The PEER GROUP will be comprised bank holding companies and independent 
commercial banks located in the Northeast (New England, New York, 
Pennsylvania and New Jersey), which have assets equal to at least 50% but 
not more than 200% of the assets of Merchants Bancshares, Inc.  If the 
targets are met, the EMPLOYEE will receive a minimum bonus equal to 35% of 
base salary for the performance year.  The maximum bonus will not exceed 75% 
of base salary.

      For the first year of this Agreement the minimum bonus threshold shall 
be the 65th percentile of the PEER GROUP.  The maximum bonus threshold will 
be the 90th percentile of the PEER GROUP.  Bonus awards between 35% and 75% 
will be interpolated (using linear progression).

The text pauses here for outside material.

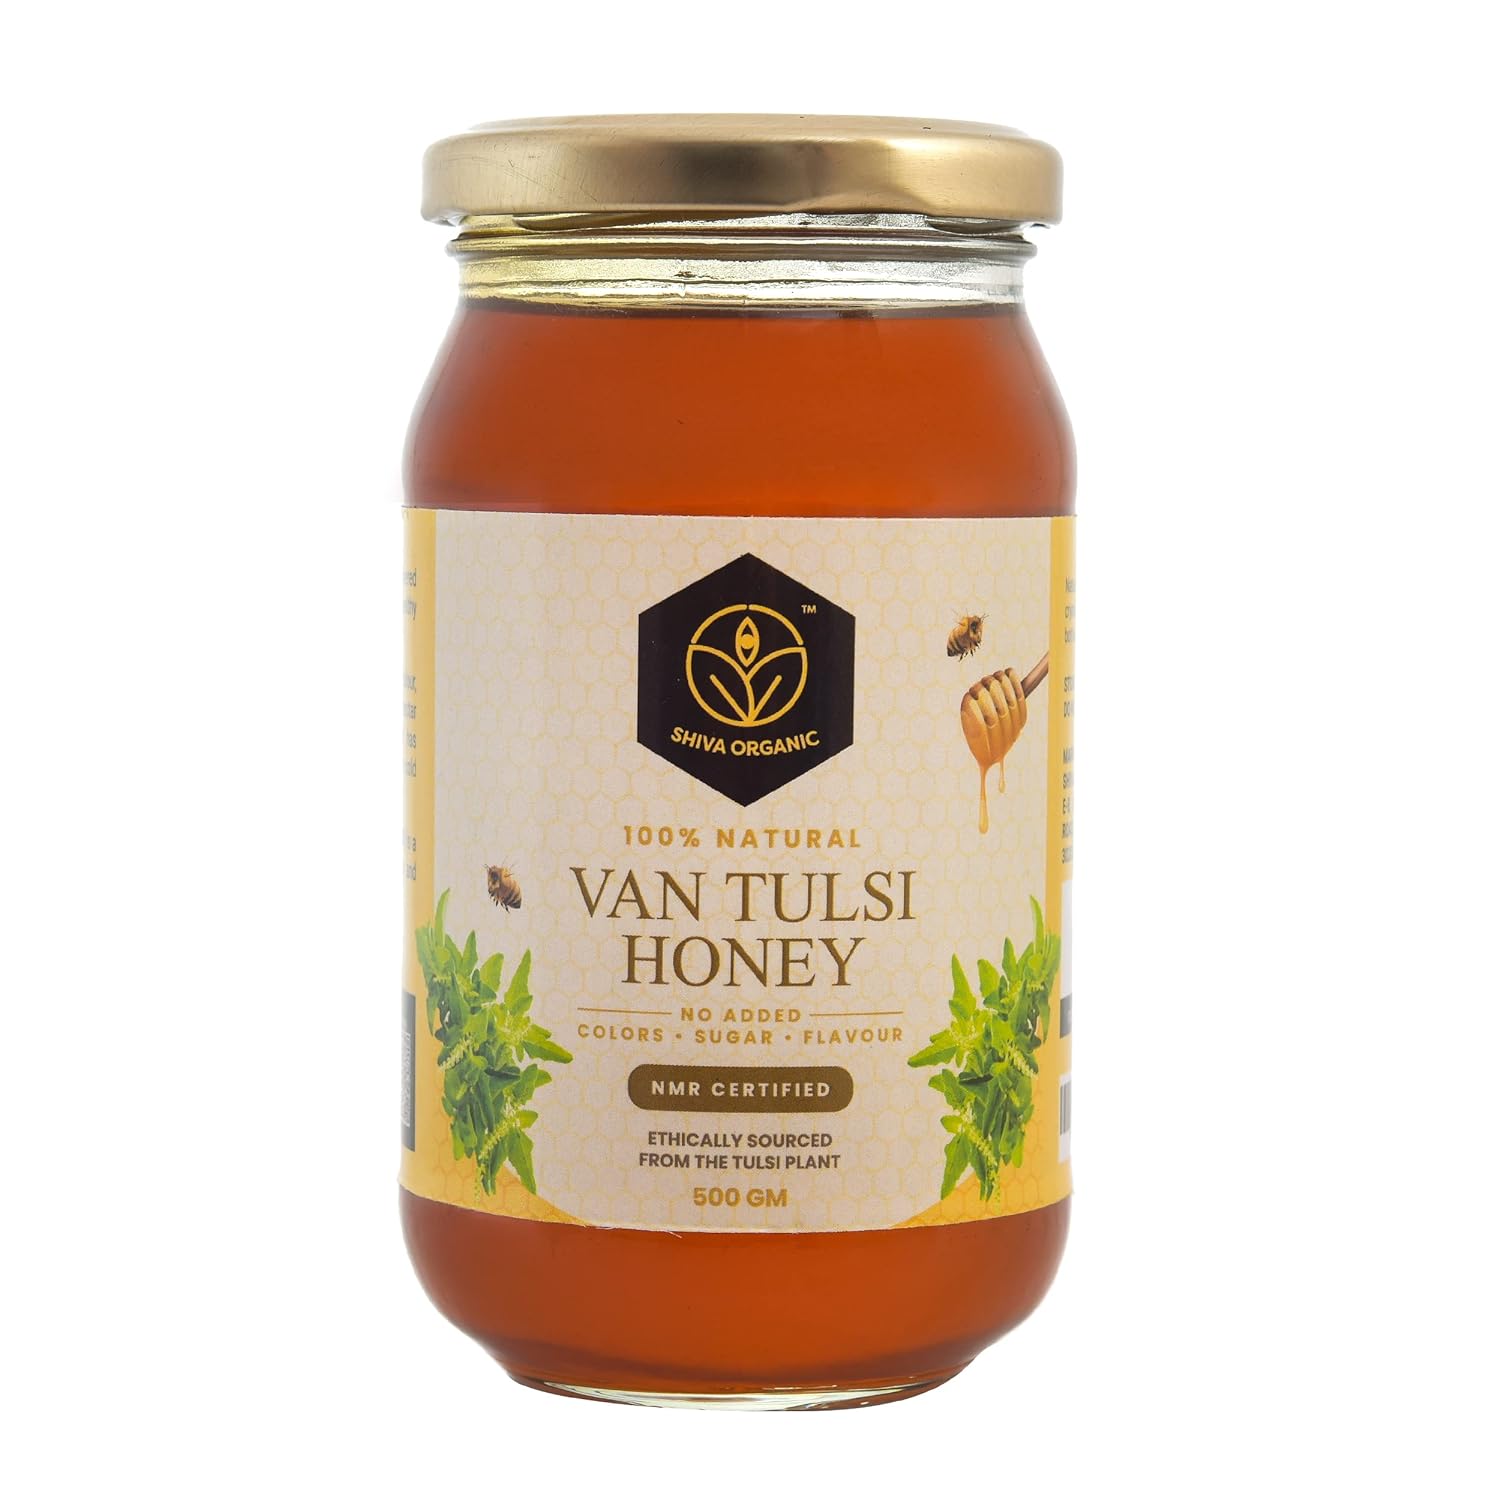 Shiva Organic’s VanTulsi Honey

      10.  Benefits:  The CORPORATIONS shall provide the EMPLOYEE with all 
fringe benefits (including but not limited to health, life, disability, 
workers compensation insurance; vacation and sick pay; pension benefits) 
offered to other employees of the CORPORATIONS in subordinate positions, but 
shall provide EMPLOYEE with five (5) weeks per year of vacation.

      11.  Supplemental Pension:  The EMPLOYEE will reach normal retirement 
under the current pension plan at age 65.  However, despite actual years of 
service, assuming he is employed by the CORPORATIONS for the entire period, 
he will have accumulated 18 years of service at age 65.  Notwithstanding the 
foregoing, the CORPORATIONS will calculate the EMPLOYEE's benefits as if he 
had accumulated twenty-five (25) years of service under the plan.  If the 
EMPLOYEE is not employed by the CORPORATIONS until age 65, then for each 
year of service, the EMPLOYEE will be credited with 1.4 years of service for 
the purpose of calculating his retirement benefits.  This provision shall be 
applicable only if and so long as the CORPORATIONS shall maintain a pension 
plan.

      If the CORPORATIONS shall elect to freeze or modify any existing 
pension plan and shall enhance or modify any contributory pension plan 
qualified under [SECTION]401(K) of the Internal Revenue Code, EMPLOYEE shall 
participate in such replacement or modified plan.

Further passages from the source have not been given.